**PROBLEM REQUIREMENTS:**
Reproduce the data below in full and exclude every picture.

**PROVIDED DATA:**
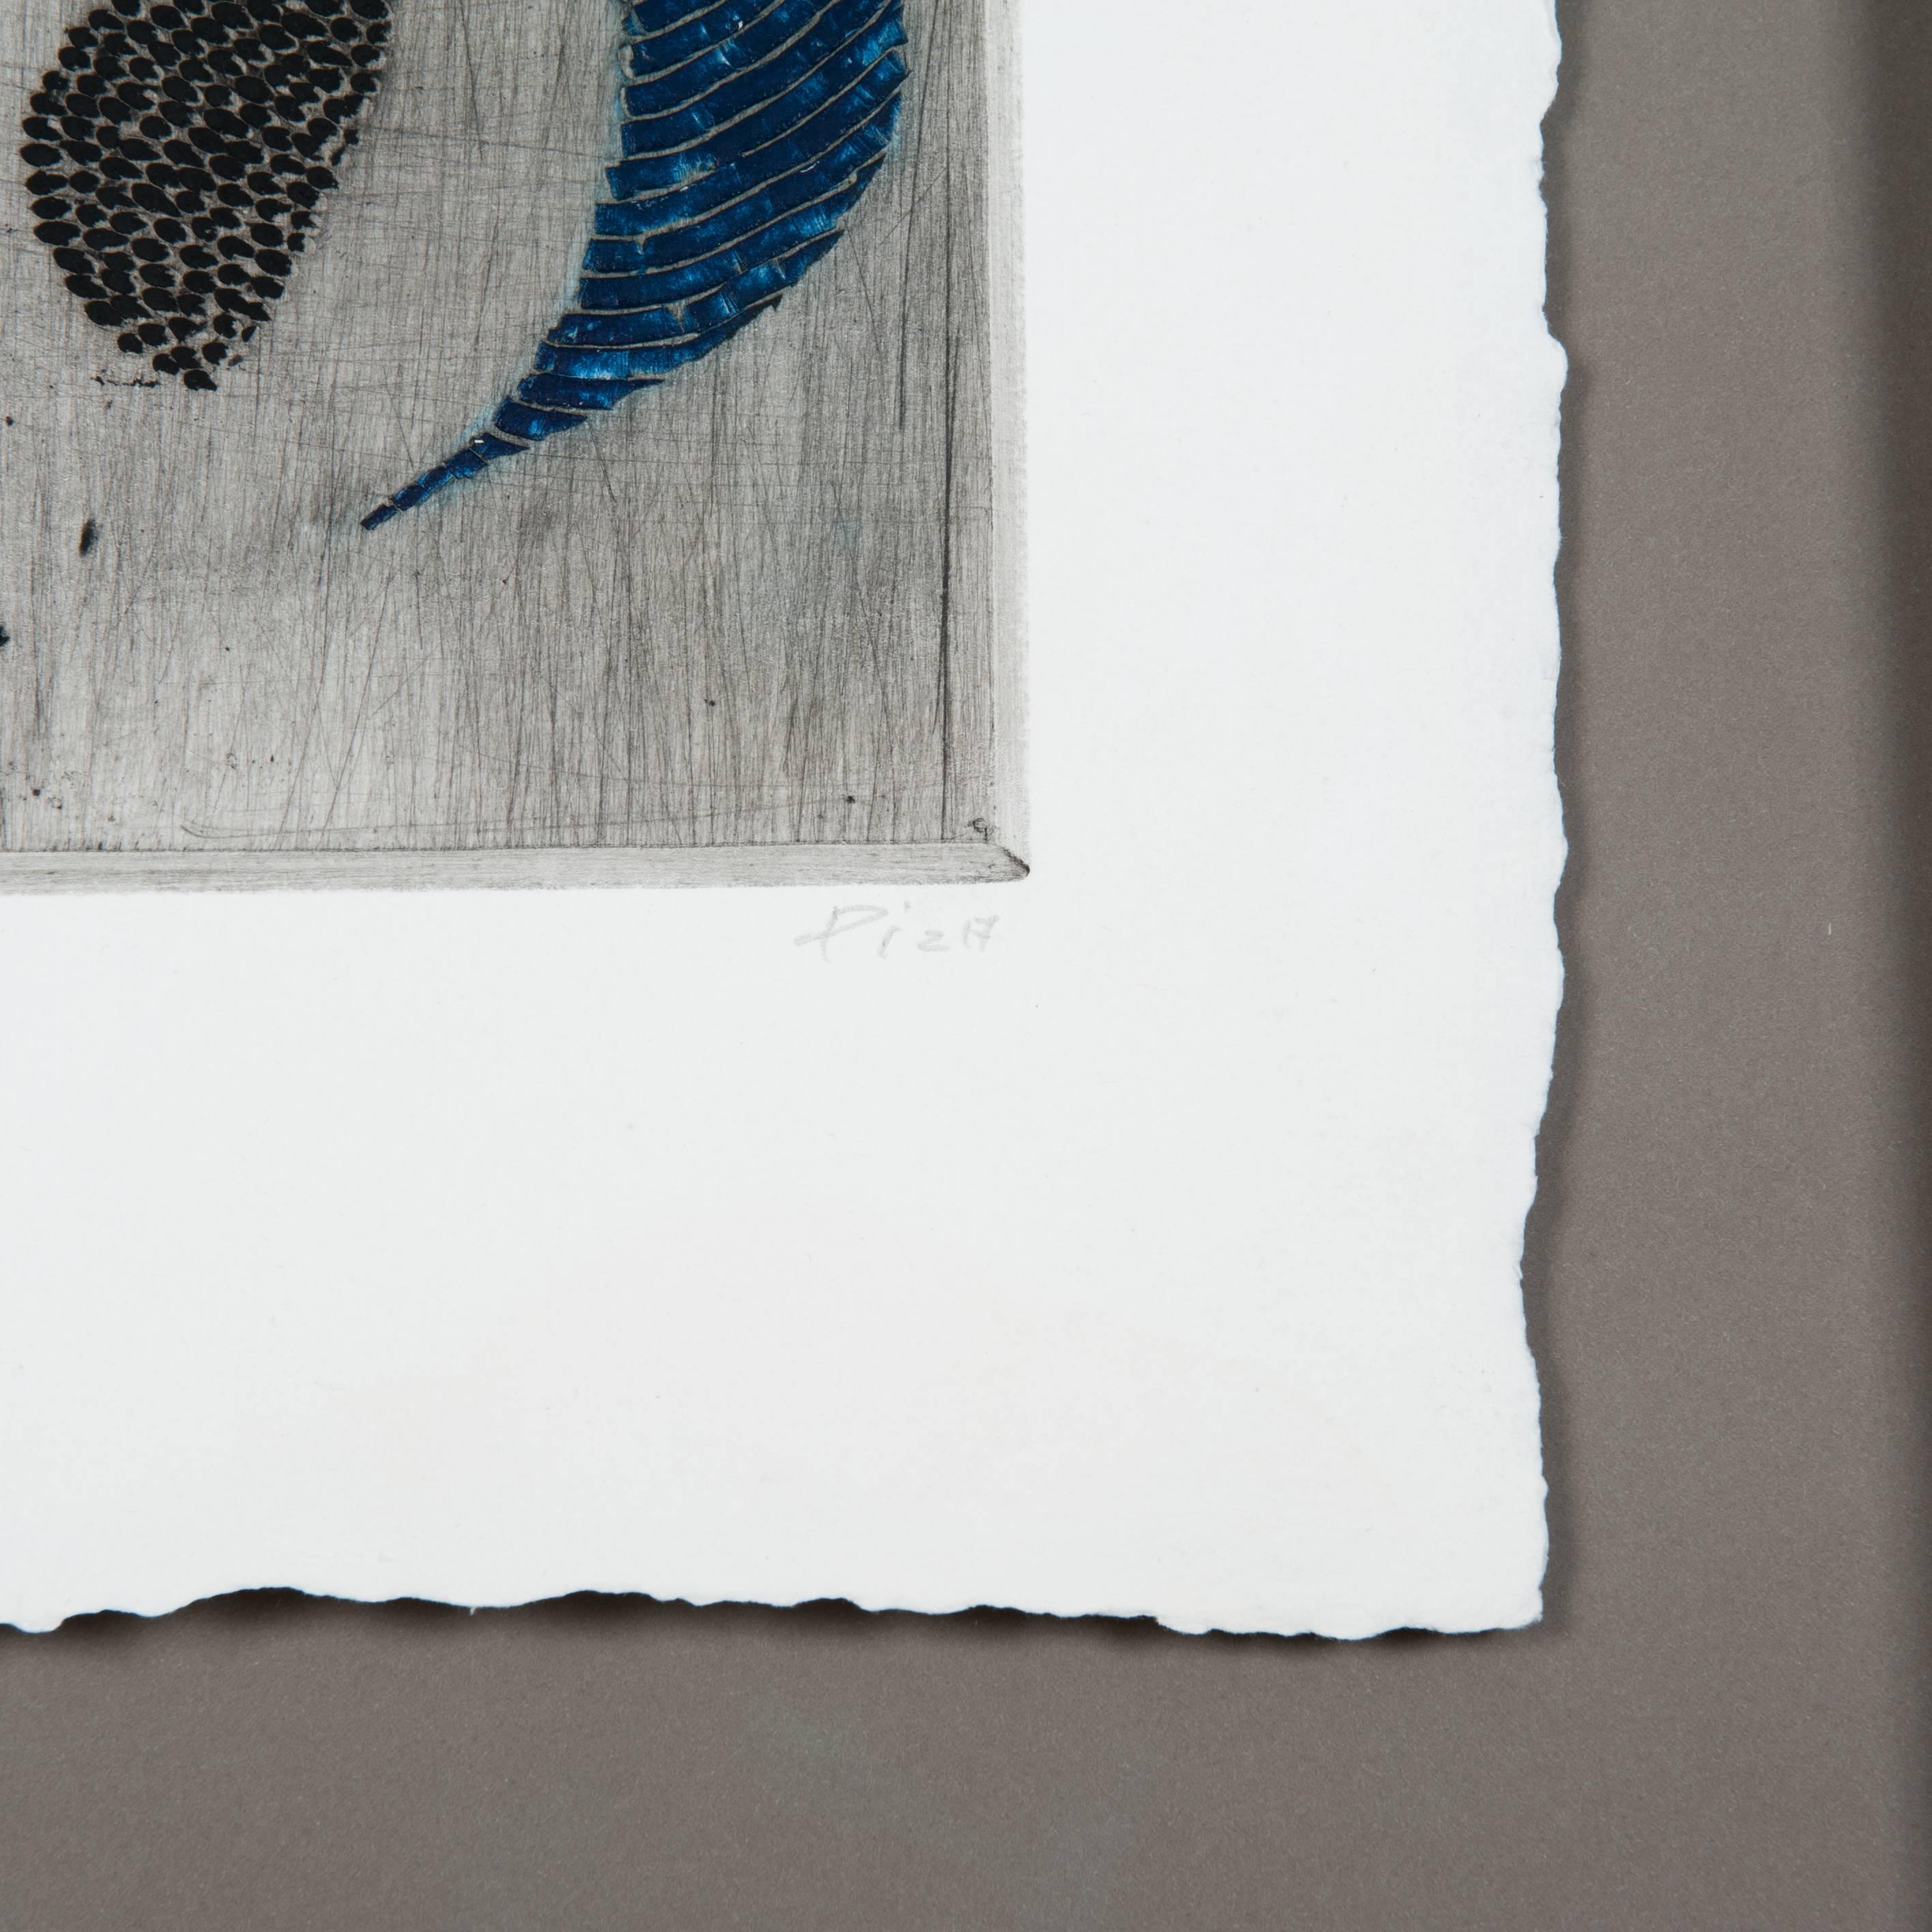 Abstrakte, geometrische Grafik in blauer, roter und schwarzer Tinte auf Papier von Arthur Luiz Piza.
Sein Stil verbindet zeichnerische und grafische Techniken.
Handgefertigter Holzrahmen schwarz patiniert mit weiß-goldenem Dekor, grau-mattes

**TASK RESPONSE:**
 Abstrakte, geometrische Grafik in blauer, roter und schwarzer Tinte auf Papier von Arthur Luiz Piza.
Sein Stil verbindet zeichnerische und grafische Techniken.
Handgefertigter Holzrahmen schwarz patiniert mit weiß-goldenem Dekor, grau-mattes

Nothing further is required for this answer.